JMM MLA from Baharagora Kunal Sarangi questioned the rationale of announcing new trauma centres when the existing one at Baharagora is barely limping along.

"The government should first depute doctors and improve infrastructure at the existing ones (the state has two, the second in Garhwa along the NH-75) before announcing more trauma centres. The announcement in the budget makes it apparent that either (health) departmental bosses don't update the chief minister on ground realities or the chief minister is bent on making a populist wish list," Sarangi, one of Jharkhand's most articulate legislators, said.

It is a fair assessment as Baharagora trauma centre, meant for critical highway mishap victims, and located close to the intersection of NH-33 and NH-6, is a mockery of what should have been. Running from 9am to 3pm without a surgeon or anaesthetist, it is barely more than a dispensary for first-aid.

When it opened the trauma centre in May last year, five years after its inauguration in 2011, the health department ordered a surgeon, an anaesthetist, a lab technician and an X-ray technician to be deputed there. Within a few months, surgeon Dr Shiv Chandrika Hansdah got himself transferred to MGM Medical College and Hospital in Sakchi for academic reasons while no anaesthetist joined the centre.

"We are yet to get a specialist surgeon or an anaesthetist at the trauma centre. After a lot of effort, we managed to have an arrangement with a local doctor Dr Rituraj Kumar (an MBBS) to man the OPD between 9am and 3pm.

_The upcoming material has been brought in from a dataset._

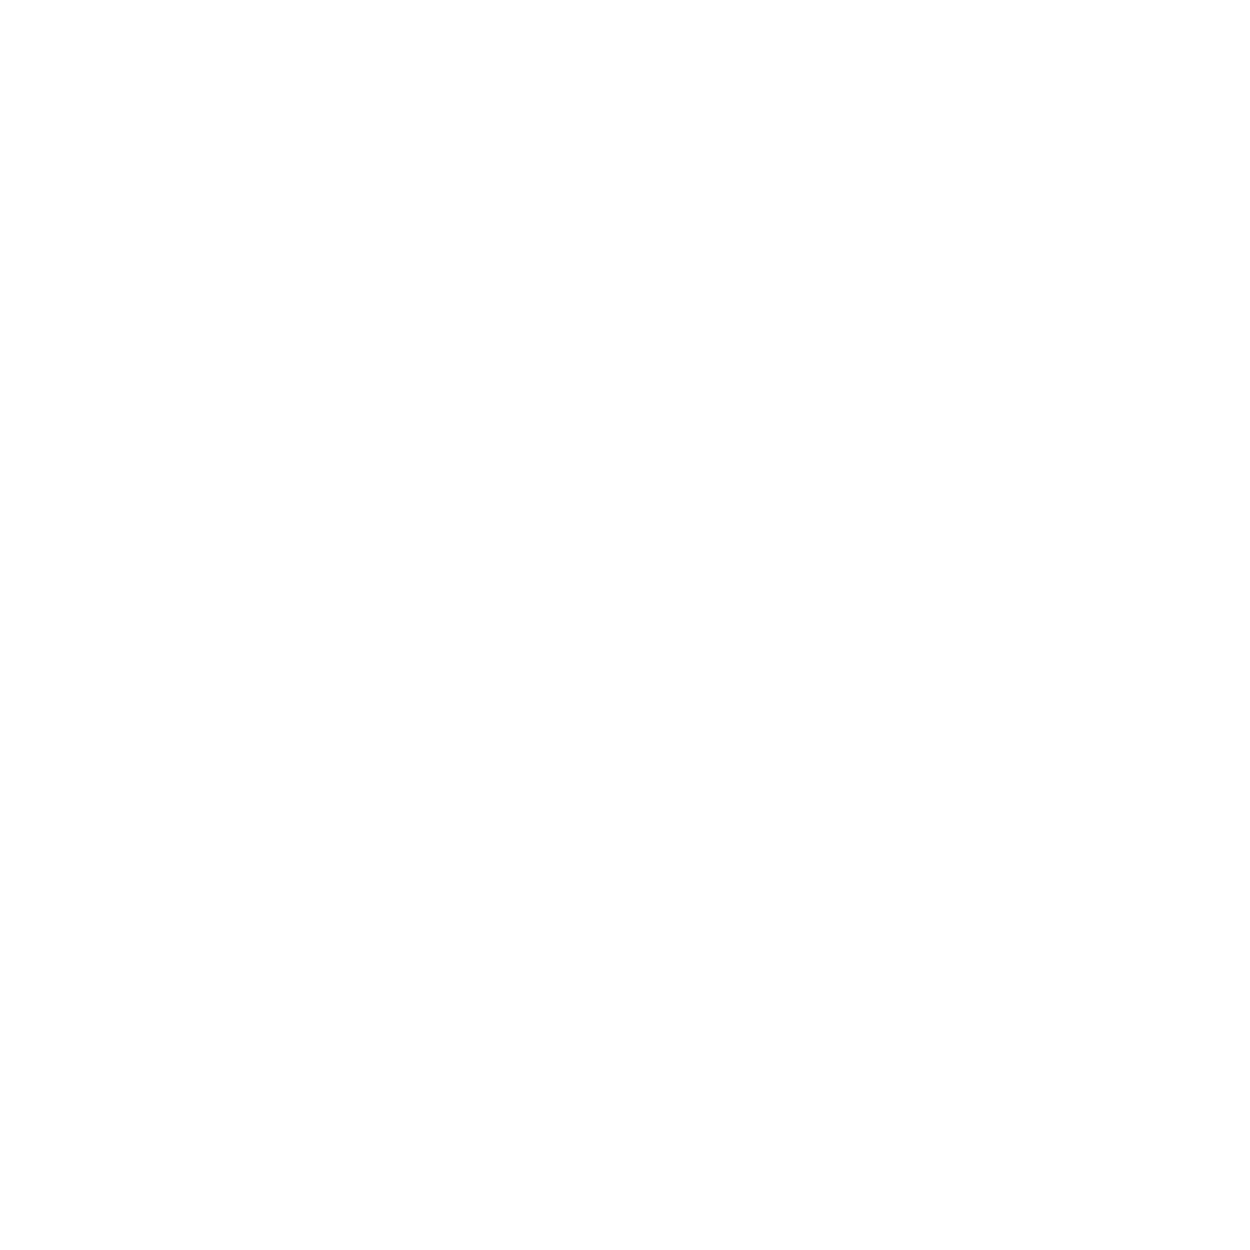 Nestle-01

We have also arranged an ANM (Malti Purty), lab technician (Aditya Sahu), lab assistant (Abhijit Bag) and ward boy (Gopal Ghosh). The situation will continue like this till we get a full-time surgeon and anaesthetist," said East Singhbhum civil surgeon Dr S.K. Jha.

Director-in-chief of state health services Dr Praveen Chandra admitted manpower issues at both trauma centres in Baharagora and Garhwa. "We are yet to have a specialist surgeon at any of the two trauma centres in the state. We are making an effort for a deputation order from the government at the trauma centres as soon as possible," said Dr Chandra.

But, policemen admit that this lacunae has cost many lives. "Every month, on an average, three or four fatal mishaps take place on both NH-33 and NH-6 stretches that aren't too far away from the trauma centre. If it had been functional 24/7, many precious lives would have been saved. As of now we have to rush victims to MGM Medical College or Tata Main Hospital in Jamshedpur, which are 95km and 100km away," Ghatshila SDPO Sanjeev Kumar Besra said.

But, the trauma centre had always been a showpiece. The double-storey (G+1) structure inaugurated in November 2011 by then JMM's Baharagora MLA Bidyut Baran Mahto, now Jamshedpur MP of the BJP, and built on nearly 2 acres at a cost of Rs 1.32 crore, stayed under lock and key for years till May 2016.

On April 17, 2016, The Telegraph in its report Bloodspill highway minus care, had highlighted how a functional Baharagora trauma centre could have helped mishap victims on the 60km NH-33 stretch between Ghatshila and Baharagora, and the 65-km NH-6 stretch linking Baharagora and Kharagpur.

Acting on the report, state health department took steps to make Baharagora trauma centre functional in May 2016, the report of which was published in The Telegraph on May 6, 2016, Highway trauma centre on fast track.